Small nuclear RNAs (snRNAs) specify a class of small noncoding RNAs that are assembled into ribonucleoprotein complexes to regulate various nuclear processes such as transcriptional elongation (7SK) and mRNA splicing (UsnRNAs). The snRNA-activating protein complex (SNAPc) (also called PTF) is a five-subunit complex (SNAPC1 to -5) that acts as a basal transcription factor to mediate transcription of snRNAs (2, 9–11, 22, 24, 26, 27, 29). Small nuclear RNAs are transcribed by both RNA polymerase II (RNAPII) and RNAPIII. SNAPc was first described as a TATA binding protein (TBP)-containing complex required for the activation of transcription of the UsnRNAs in vitro (25, 26, 28). SNAPc recognizes a conserved DNA sequence, known as the proximal sequence element (PSE), located approximately 50 bases upstream from the transcription start site of the UsnRNAs to drive the assembly of the preinitiation complex (17). Two subunits, SNAPC3 and SNAPC4, were shown to directly bind DNA in vitro through a zinc finger and Myb DNA binding domain, respectively (14, 27). Additionally, recent in vitro experiments, using the Drosophila homolog of SNAPc, suggested that SNAPC1 might also bind DNA (16). The confirmation of SNAPc binding to the UsnRNA promoters in vivo was recently provided by the chromatin immunoprecipitation of SNAPC2 (4).
While the precise role of SNAPC1 in the complex is only partially understood, it was shown to serve as a bridge to connect SNAPC3 and SNAPC4 proteins (19). This interaction is required to mediate the formation of a “minimal” SNAPc (comprising SNAPC1, SNAPC3, and the N-terminal portion of SNAPC4) that can recapitulate DNA binding, TBP recruitment, and transcription activation (21). Interestingly, all three subunits were reported to directly bind TBP (12, 24, 29). Moreover, SNAPC1 is also able to interact with Rb and p53 (8, 13) and might therefore play a role in the regulation of UsnRNA expression during the cell cycle.
Here we present the analysis of the genome-wide occupancy of SNAPC1 and SNAPC4 in nontumorigenic mammary epithelial MCF10A cells. We show that SNAPC4 predominantly occupies UsnRNA genes, consistent with its role in UsnRNA transcription, whereas SNAPC1 localization extends beyond UsnRNA genes to include a large number of protein-coding genes. We show that SNAPC1 is functionally associated with the elongating form of RNAPII, suggesting a role for this protein in transcriptional elongation. Functional analysis of SNAPC1 revealed a role for this protein in both basal and activator-induced transcription.

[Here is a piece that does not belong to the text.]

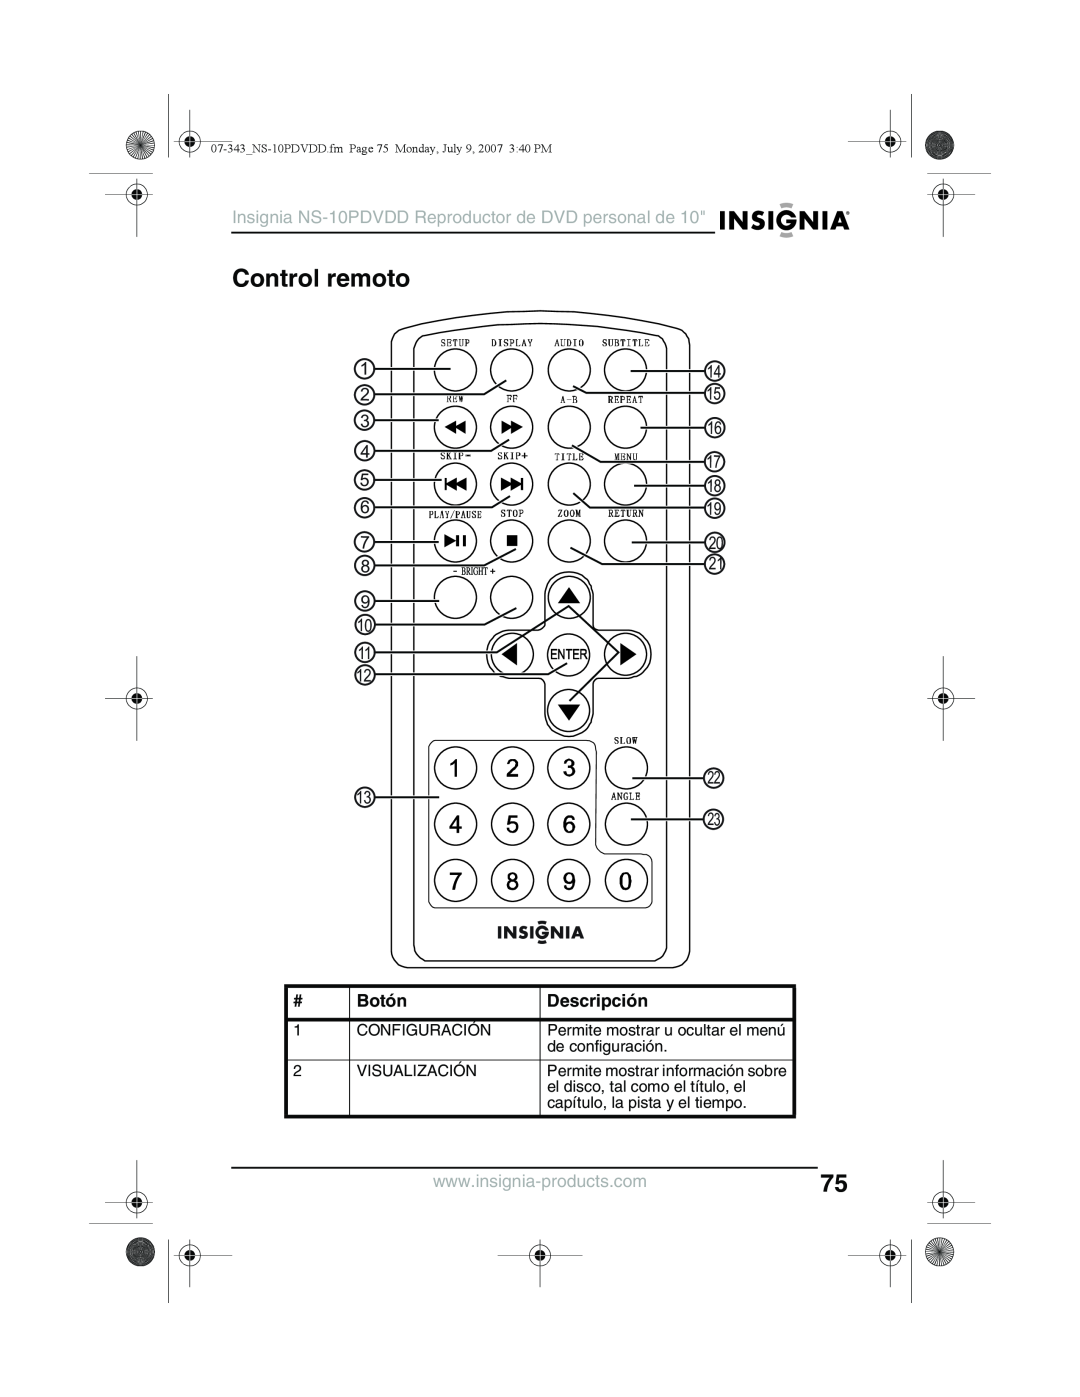 Insignia manual Control remoto, Botón, Insignia NS-10PDVDD Reproductor de DVD personal de, 1 2 4 5, 17 18, Descripción

Breast epithelial MCF10A cells were cultivated in serum-free Dulbecco modified Eagle medium (DMEM)–F-12 (1:1) (Invitrogen) medium supplemented with 2 mM l-glutamine, 50 ng/ml cholera toxin, 10 μg/ml bovine insulin, 500 ng/ml hydrocortisone, 10 ng/ml epidermal growth factor (EGF), and 50 μg/ml bovine pituitary extract. HeLa cells were grown in high-glucose DMEM supplemented with 2 mM l-glutamine and 10% fetal bovine serum (FBS).

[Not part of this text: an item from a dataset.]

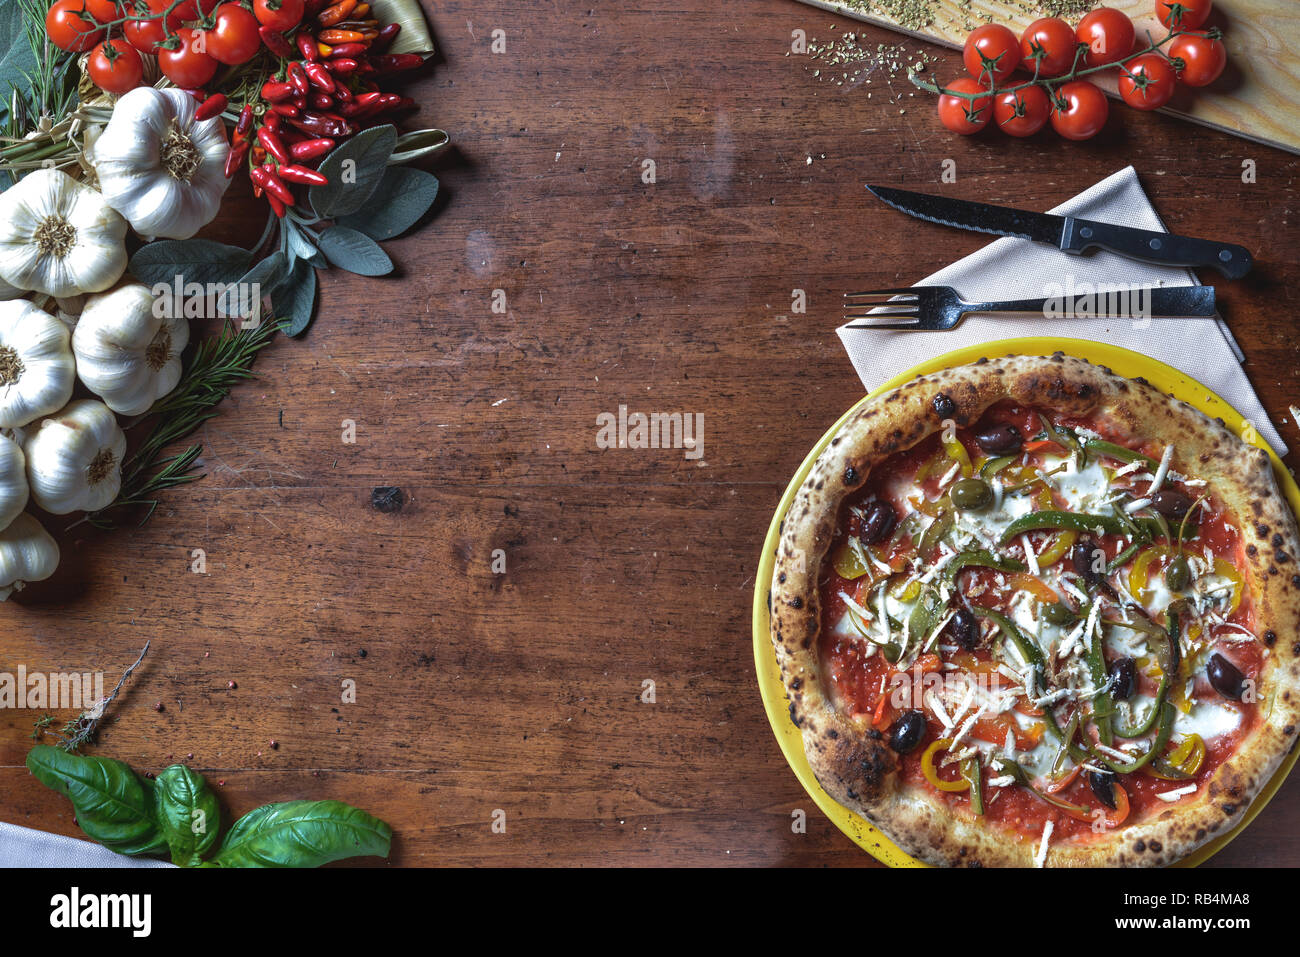 Vue de dessus le fond de la pizza napolitaine italien avec des poivrons, olives, tomates et fromage. composition du châssis avec des ingrédients d'espace libre pour le texte Banque D'Images

Rabbit anti-SNAPC1 antibodies were obtained from Sigma. Antibodies against RNAPII (N-20; rabbit polyclonal antibodies recognizing all forms of RNAPII) and SNAPC4 (SNAAD17A; mouse monoclonal) were obtained from Santa Cruz. Phospho-Ser2 CTD antibodies were purchased from Bethyl Laboratories.
See the supplemental material for the complete protocol for chromatin immunoprecipitation followed by high-throughput sequencing (ChIP-seq). A total of 25 × 106 to 30 × 106 asynchronously growing MCF10A cells were cross-linked with 1% formaldehyde for 10 min at room temperature. Single immunoprecipitations (IPs) of 2.5 × 106 cells were set up using a specific antibody or a total rabbit IgG control along with protein A magnetic beads. Protein G beads were used for SNAPC4 ChIP-seq. The immunoprecipitated DNA was purified and measured with a Quantit PicoGreen double-stranded DNA (dsDNA) kit (Invitrogen), and 5 to 10 ng was used to generate the sequencing libraries. DNA fragments of ~150 to 400 bp were isolated by agarose gel purification, ligated to primers, and then subjected to Solexa sequencing using the manufacturer's recommendations (Illumina, Inc.).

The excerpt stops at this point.